Gordon Gordon is a research computer scientist with strong interests in physics and philosophy. In this section’s final interview, I will examine the development of Gordon’s thinking about the envelope paradox. We shall see that it takes many twists and turns, and proposes many related problems along its path. Of the interviews I present about the envelope paradox, in Gordon’s interview we will see the 160

greatest degree of development of intuitions and concretion.
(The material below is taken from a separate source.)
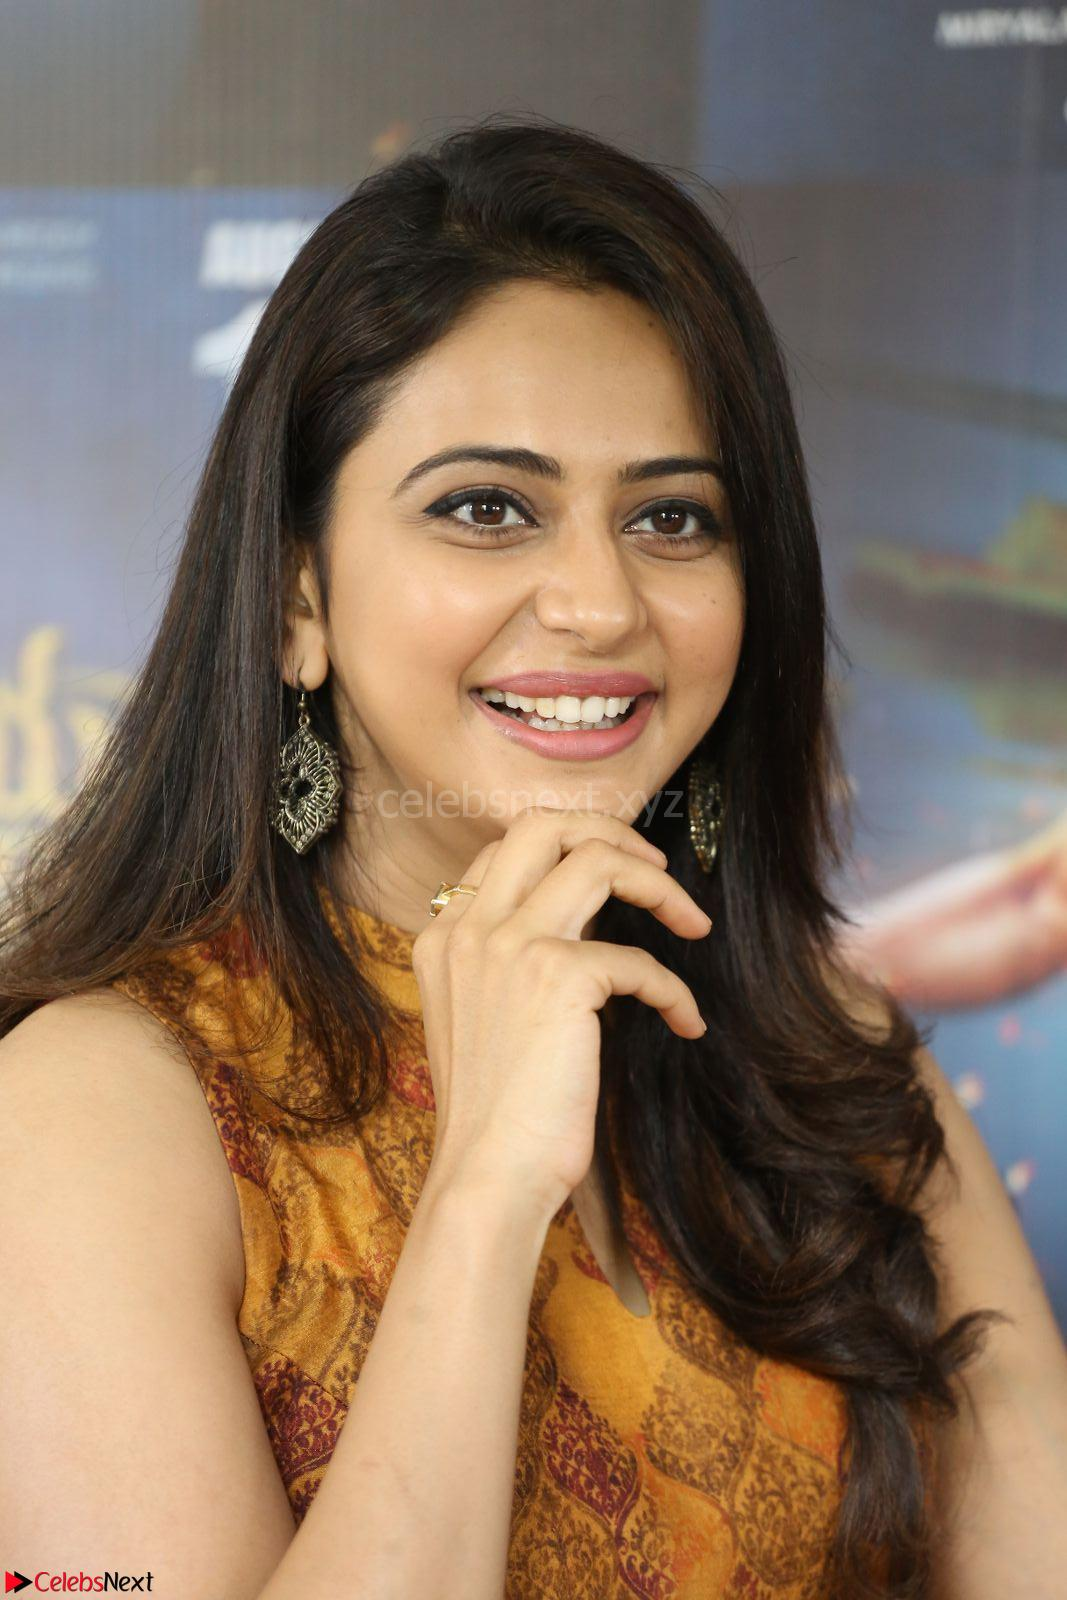 Rakul Preet Singh smiling Beautyin Brown Deep neck Sleeveless Gown at her interview 2.8.17 ~ CelebsNext Exclusive Celebrities Galleries

By the end of the interview, Gordon has so concretized the ideas he constructs through “envelopes” that he makes connections between them and research he is doing in an entirely different field. Gordon’s first (or as he says, zeroth) reaction: Hm, a little reminiscent of the Let's Make a Deal problem, but with only 2 boxes instead of 3... 0th reaction: it's got to be neutral to switch. you've got zero info about which box has more.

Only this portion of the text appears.